# rest in peace baby



## keprian (Mar 3, 2008)

my white boxer died after a very long life ,i miss her very much she was a babe,hope you are up there having fun and looking after my sister ,miss you loads rip xxxx


----------



## PRS (Dec 31, 2007)

soz to hear that rip


----------



## keprian (Mar 3, 2008)

thanks for that . means alot ty x


----------



## elliottreed (Jan 9, 2008)

my dad died a month ago
he loved dogs, im sure he'll meet her and look after her for you :]
xxx


----------



## keprian (Mar 3, 2008)

*ahhhhh sorry to hear that*

so sorry to hear that i hope he is looking after her many thanks x


----------



## xXFooFooLaFluffXx (Aug 4, 2007)

rip sweetie xxx


----------



## shplooble (Jan 5, 2008)

RIP Im sorry for your loss x x


----------



## jayl (Feb 18, 2007)

So sorry.. R.I.P.


----------



## Raeven (Mar 15, 2007)

So sad to read of your loss.
RIP
eace:


----------



## kelly (Mar 3, 2006)

awww im so sorry


----------



## butterfingersbimbo (Jan 26, 2008)

awwww :sad:


----------



## macca 59 (Oct 10, 2007)

Really sorry for your loss, know how you feel.

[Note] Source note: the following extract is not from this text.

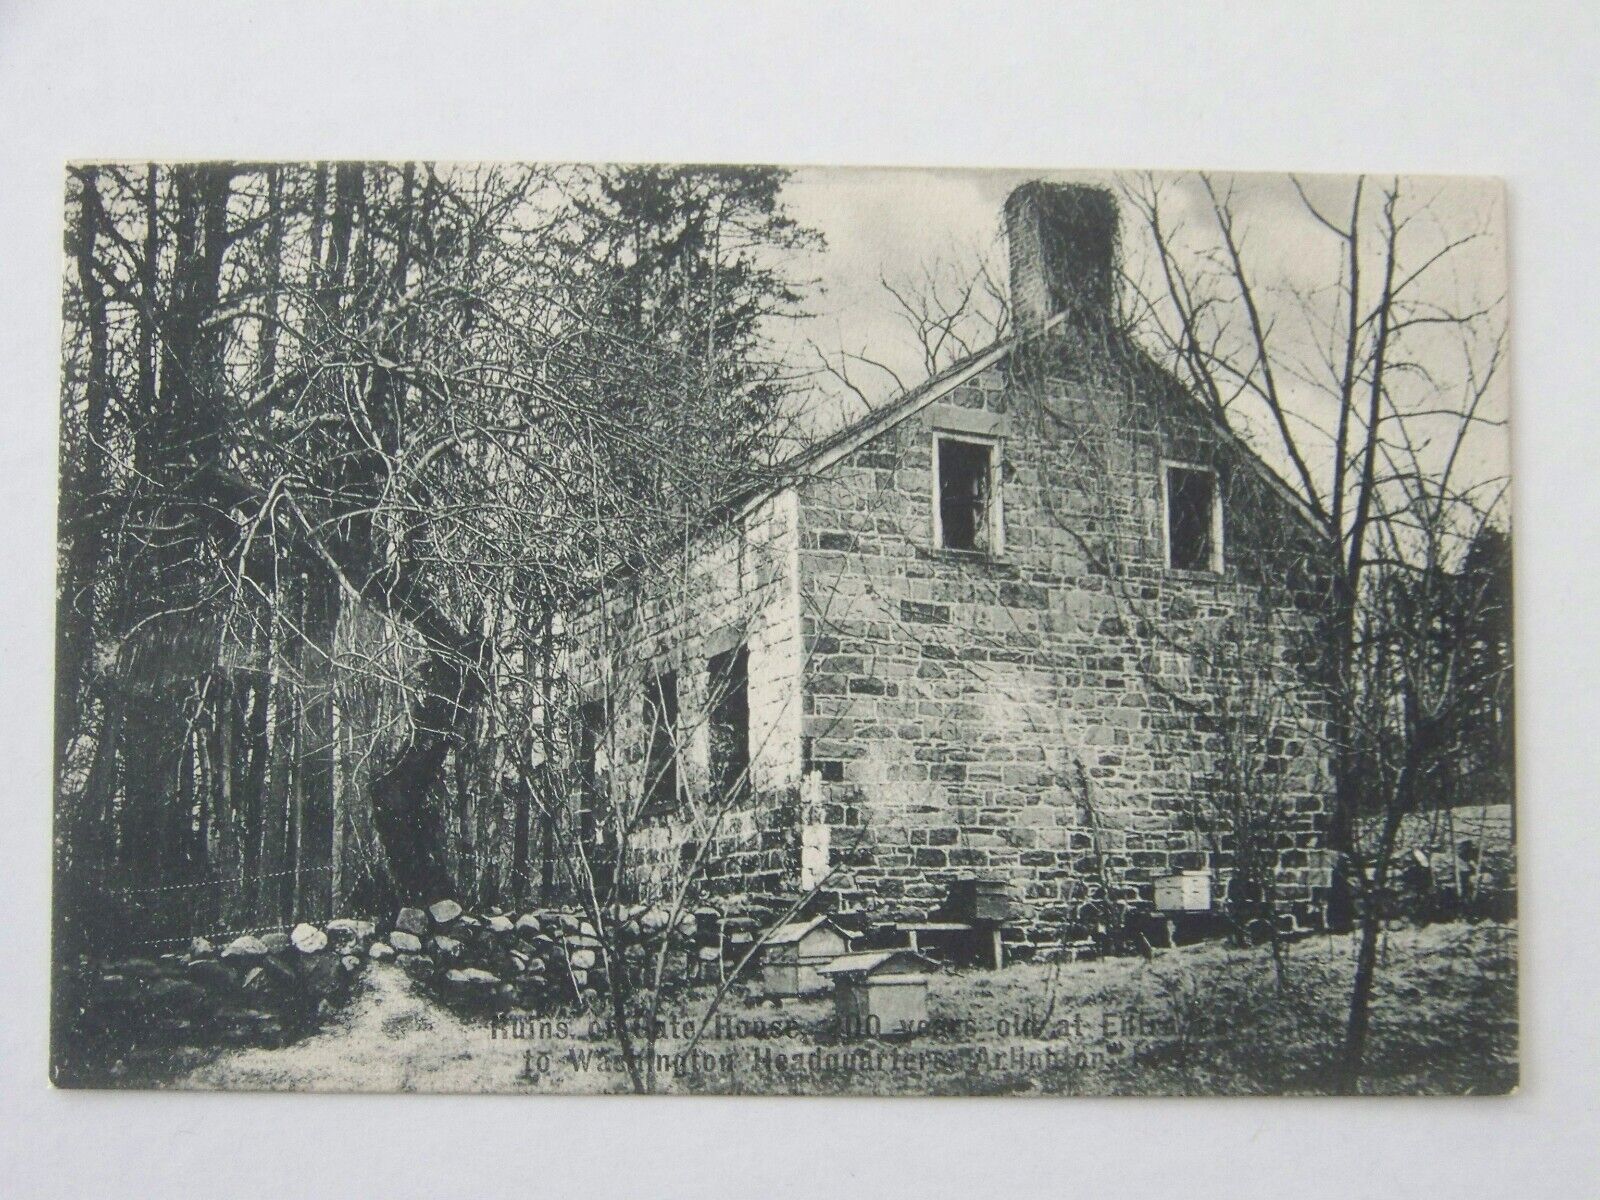 Arlington New Jersey NJ Kearny 1909 Washington Headquarters Ruins

R>I>P


----------



## Corny-Dawny (Jun 10, 2007)

So sorry for your loss R.I.P


----------



## snakehead (May 21, 2007)

bye bye big sweetie


----------



## Epicrates (Oct 10, 2007)

we had boxers when i was young and i know what great dogs they are, sorry for your loss.


----------



## Iliria (Jan 19, 2007)

r.i.p


----------



## gillyite (Feb 6, 2008)

*thanks*

thank you all for your support its nice to know so many care so thanks again


----------



## reptile.kid (Aug 27, 2007)

R.I.P sorry to hear about your loss hun R.I.P


----------